Deepen your understanding of the disease of addiction. Familiarize yourself with the symptoms and behaviors associated with substance use disorder. Don’t assume your family is immune from addiction. And if regular drug or alcohol use is a part of your life, be willing to consider whether you are putting yourself or others at risk. Admitting your need for help is the first step toward restoring your physical, mental and spiritual health.
Advocate. Actively work to eliminate the shame and stigma associated with substance use disorder. Many communities of faith provide space for Alcoholics Anonymous and Narcotics Anonymous groups to hold their meetings. Are the people who attend meetings in the basement of your church also welcome in the sanctuary? Faith communities should be places where those who are struggling with addiction experience love and acceptance, not shame and stigmatization.
Volunteer in a recovery living center in your community. Serve a meal or lead an activity. As you get to know people in recovery, as you listen to their stories, you will be better equipped to be an advocate.
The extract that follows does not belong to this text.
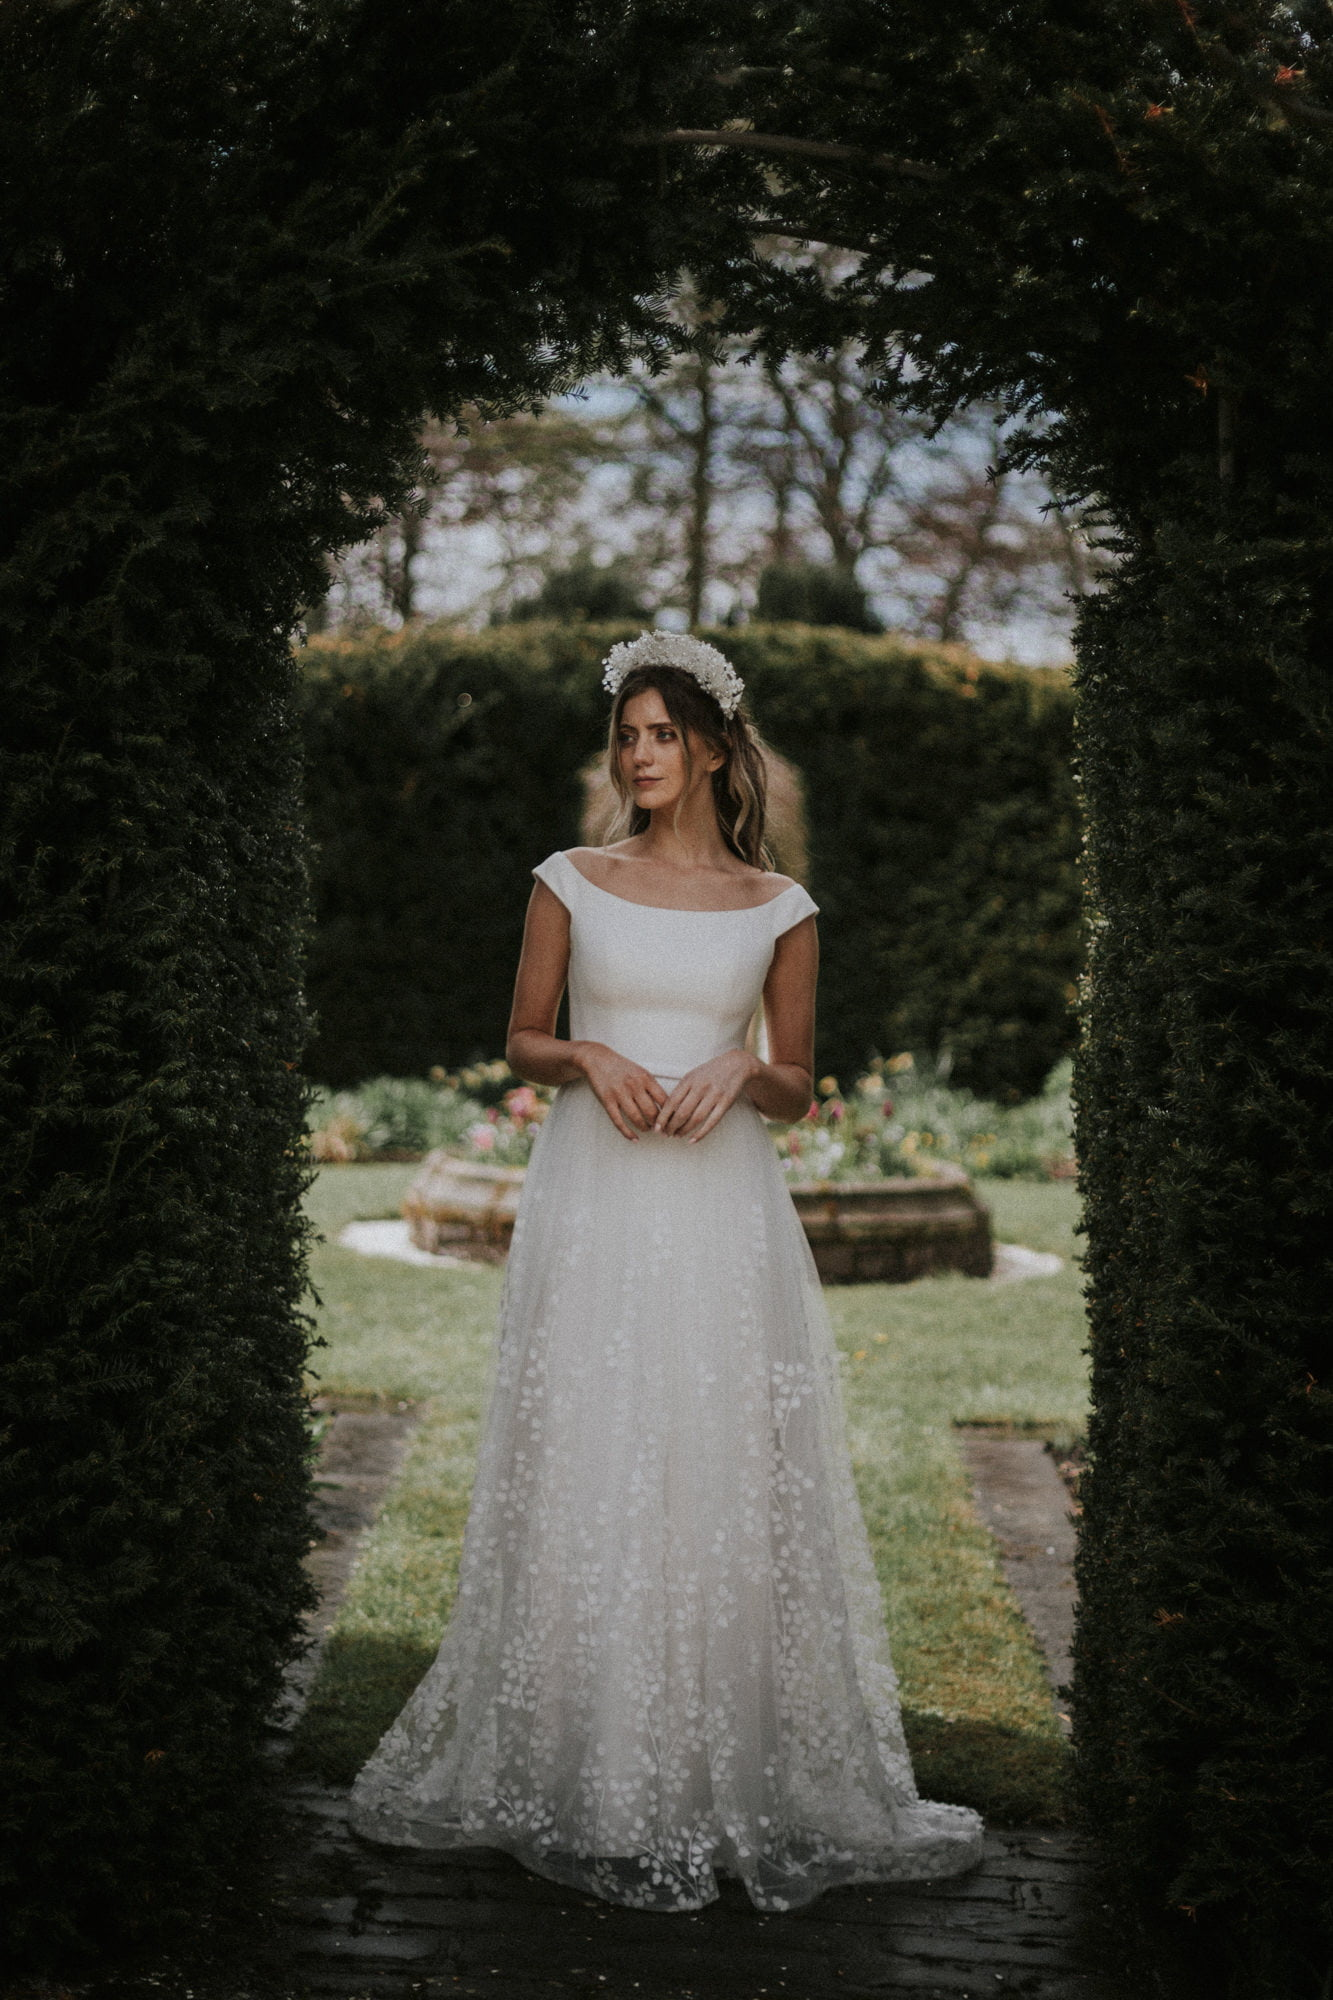 Oscar Lili - Beautiful Boho Wedding Dresses, Backhouse Rossie Estate Wedding Venue, Backhouse Rossie Wedding Venue Fife

Celebrate. National Recovery Month is a time to celebrate the entire recovery community — those who are in recovery and those who serve them. Who can you offer support and encouragement to this month? Offer someone in recovery the opportunity to share their experience, strength and hope. Consider how you can you affirm the efforts of the dedicated professionals in your community who are working to bring healing of body, mind and spirit to those who are struggling with addiction.
Addiction is a pernicious disease. But help is available, hope is not lost. You can hold out hope for those who struggle with addiction. You can extend a helping hand to those in recovery.
Tambi Brown Swiney is an ordained Baptist minister and writer who calls the mountains of Western North Carolina home. Tambi has pastoral experience serving in both congregational and community contexts. She has served on the Baptist Women in Ministry leadership team and the BJC board of directors. Tambi volunteers weekly at Asheville Buncombe Community Christian Ministry’s Costello House. She is currently a student in the Haden Institute’s spiritual direction training program.